SCHLIEREN, SWITZERLAND — Gary McGann, chairman of Aryzta AG, unveiled in a July 20 letter to shareholders that he plans to step down from his post at the conclusion of the company’s extraordinary general meeting set for Sept. 16 unless, prior to the date of the meeting, Aryzta has announced a transaction for shareholder consideration that the board considers to be in the best interests of the company and all of its stakeholders.

“I do not believe that any form of contested process is in the interests of Aryzta,” Mr. McGann said.

Mr. McGann’s letter comes two months after an investor group led by shareholders Cobas Seleccion, Cobas International and Veraison Sicav requested that an extraordinary general meeting be called to strengthen Aryzta AG’s leadership with new members “with recognized experience in the bakery industry.”

At that time, the investor group called for the removal of Mr. McGann as chairman and the installation of Urs Ernst Jordi as his replacement. Mr. Jordi is former head of Aryzta Europe and former chief executive officer of Hiestand Holding AG.

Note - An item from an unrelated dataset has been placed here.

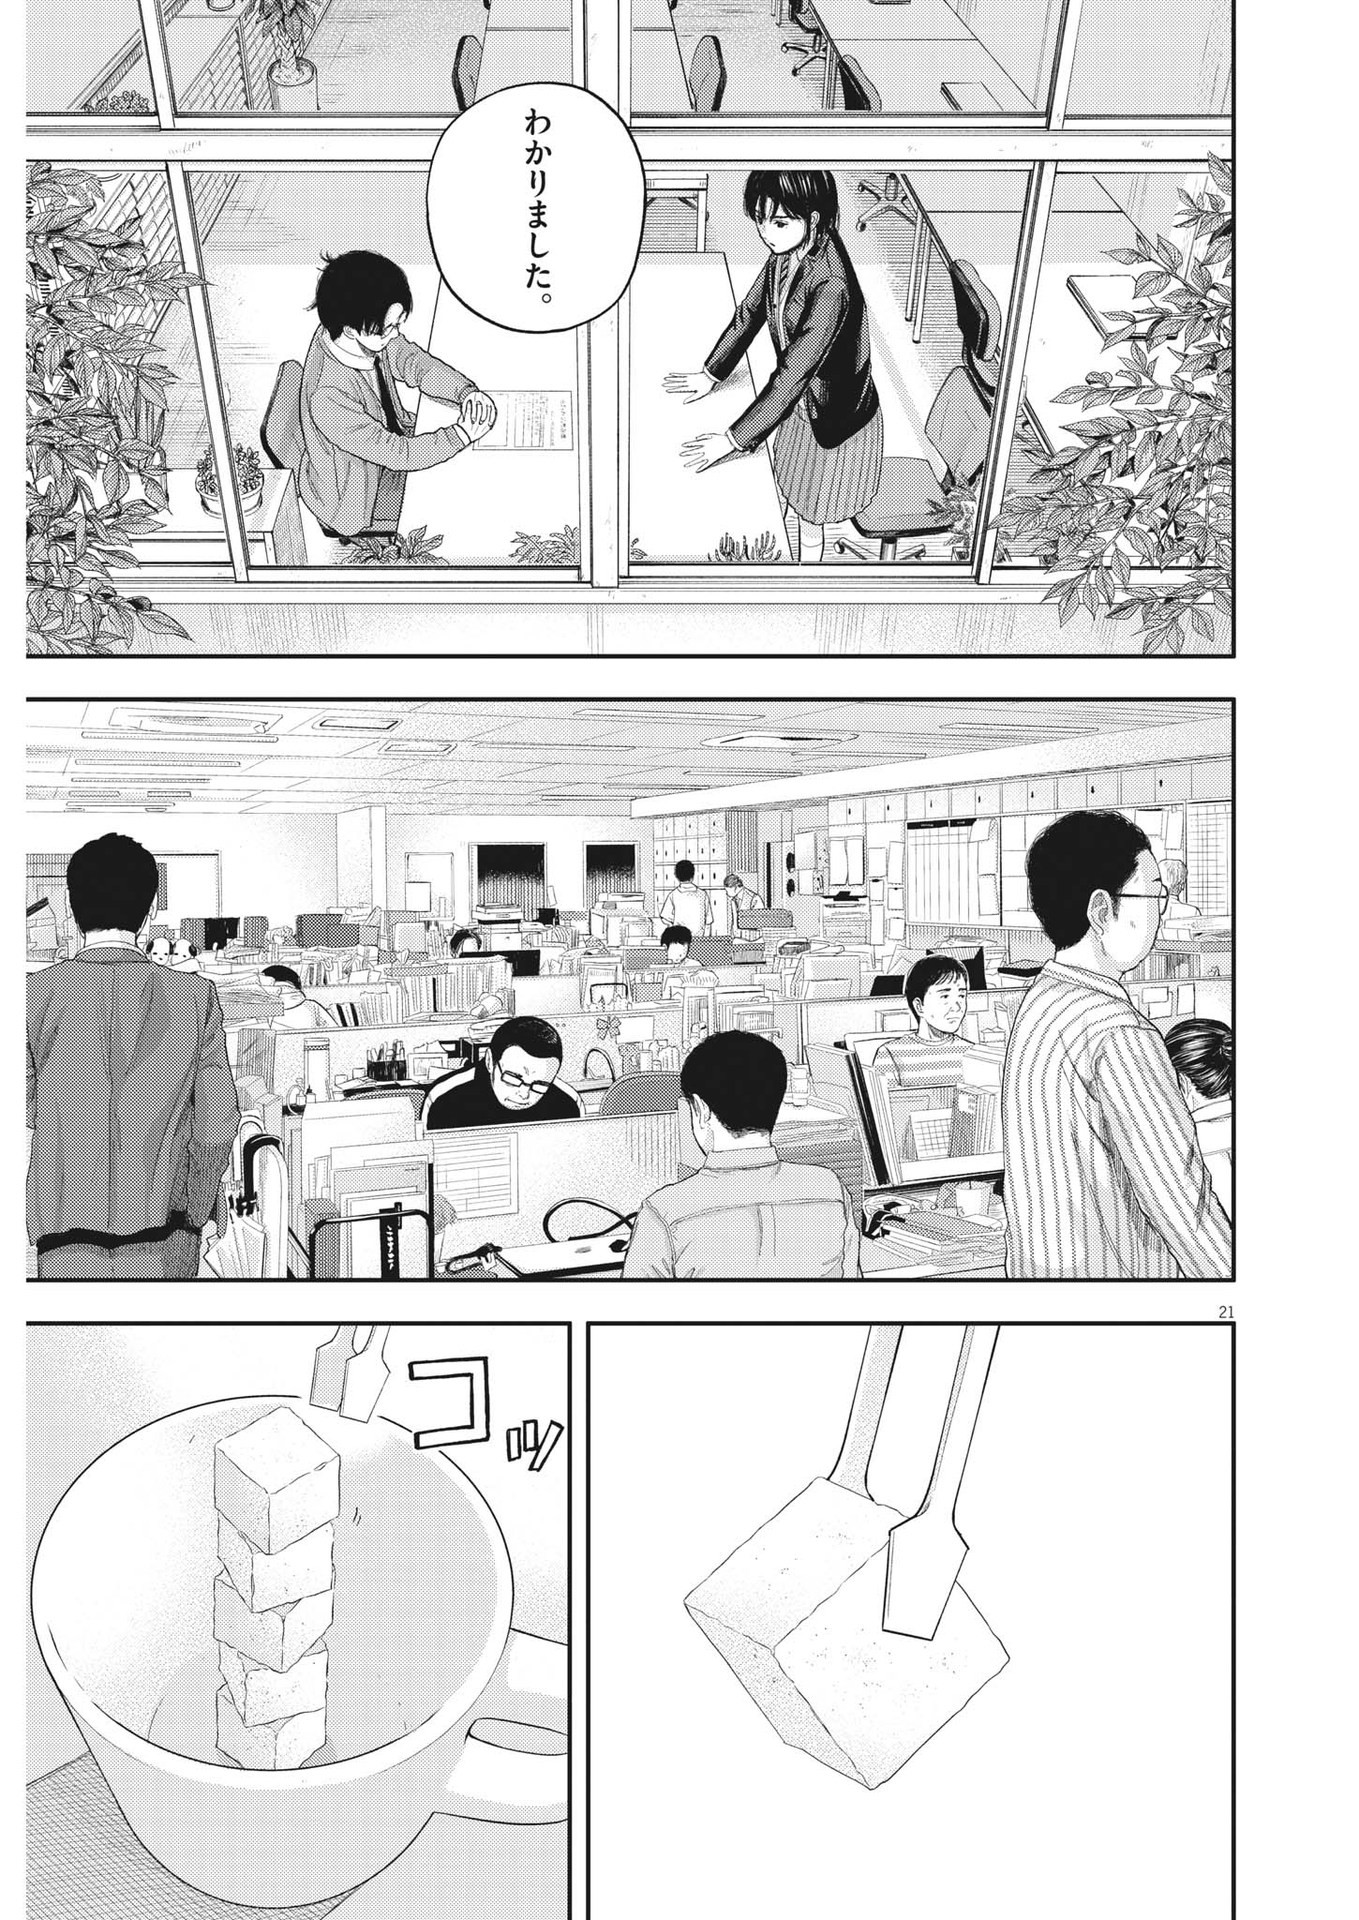 Yumenashi-sensei no Shinroshidou - Chapter 1 - Page 21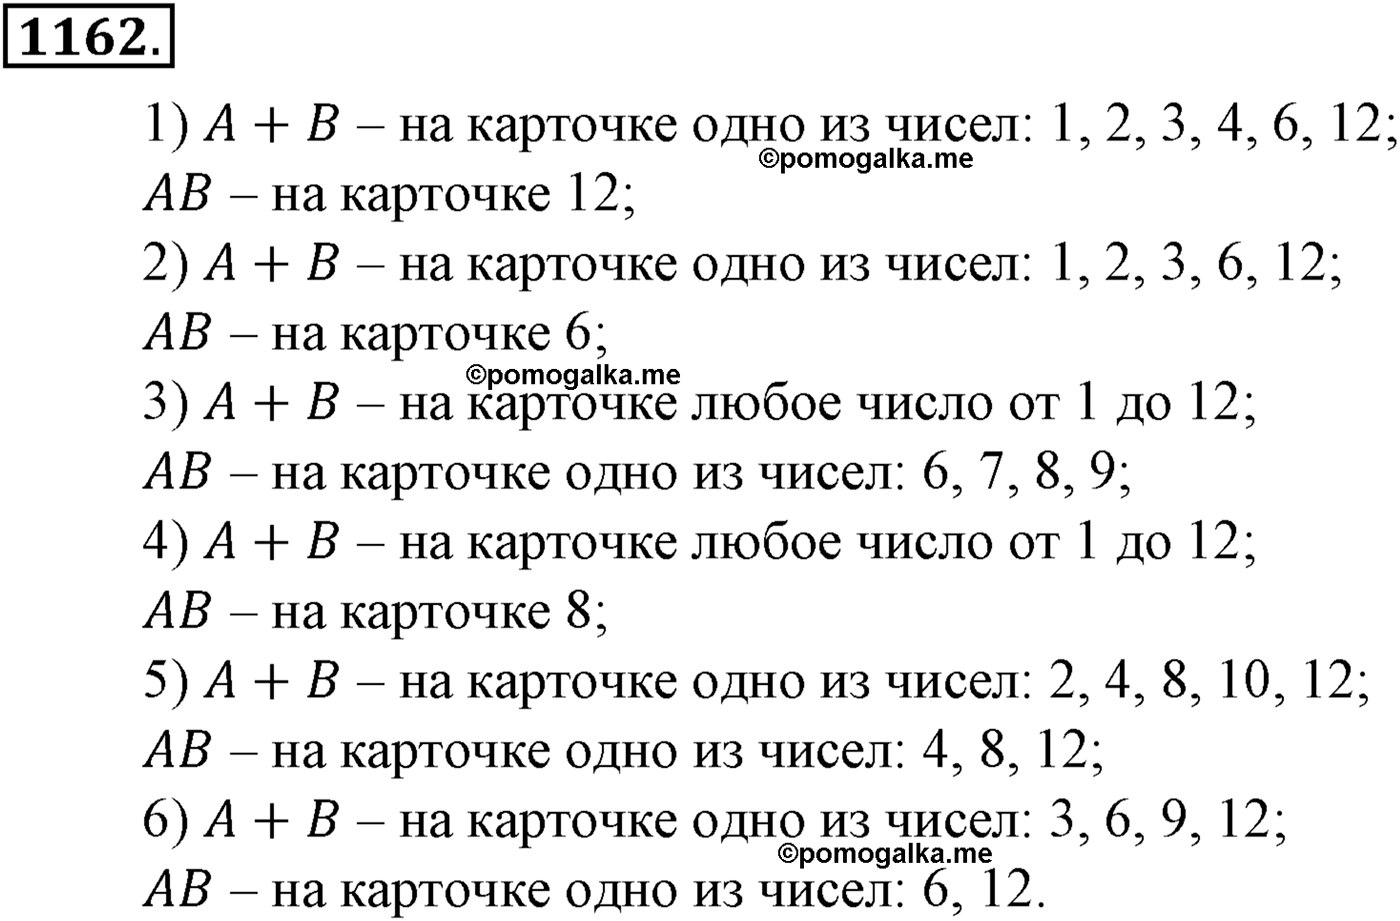 разбор задачи №1162 по алгебре за 10-11 класс из учебника Алимова, Колягина

The investor group also called for the removal of Annette Flynn, Dan Flinter, Rolf Watter and Kevin Toland as members of the board. While Aryzta’s board has determined the removal of the directors should be rejected, Mr. Flinter and Mr. Watter both have declared their resignations from the board effective at the conclusion of the extraordinary general meeting.  

Meanwhile, Mr. McGann said Ms. Flynn, as chair of the company’s audit committee, plays a vital role and should not be removed from the board.

“Annette brings experience, continuity and diversity of thought and is an important member of the board,” he noted in the letter.

Likewise, Mr. McGann said Mr. Toland’s presence on the board is “fundamentally important.”

“Having the CEO as a member of the board allows for appropriate management representation on the board together with a direct and immediate information exchange between the board and management,” Mr. McGann said. “Further, Kevin’s position as a member of the board is important to our customers and our people. The leadership of Kevin Toland is vital to the future of the company, and any diminution in his role and authority is considered by the board to be contrary to the best interests of the company and all of its stakeholders.”

Also in the letter to shareholders, Mr. McGann said that over the past two months a number of third parties have expressed an unsolicited interest in acquiring Aryzta’s entire issued share capital. The Sept. 16 extraordinary general meeting primarily is intended to provide the opportunity to allow the strategic review process, and the assessment of any possible offer that may be forthcoming from third parties in connection with that process, to be sufficiently advanced to enable the board to frame an appropriate recommendation, Mr. McGann said.

“The proposed timing also reflects a desire to avoid further instability consequent upon the economic impact of COVID-19,” he added.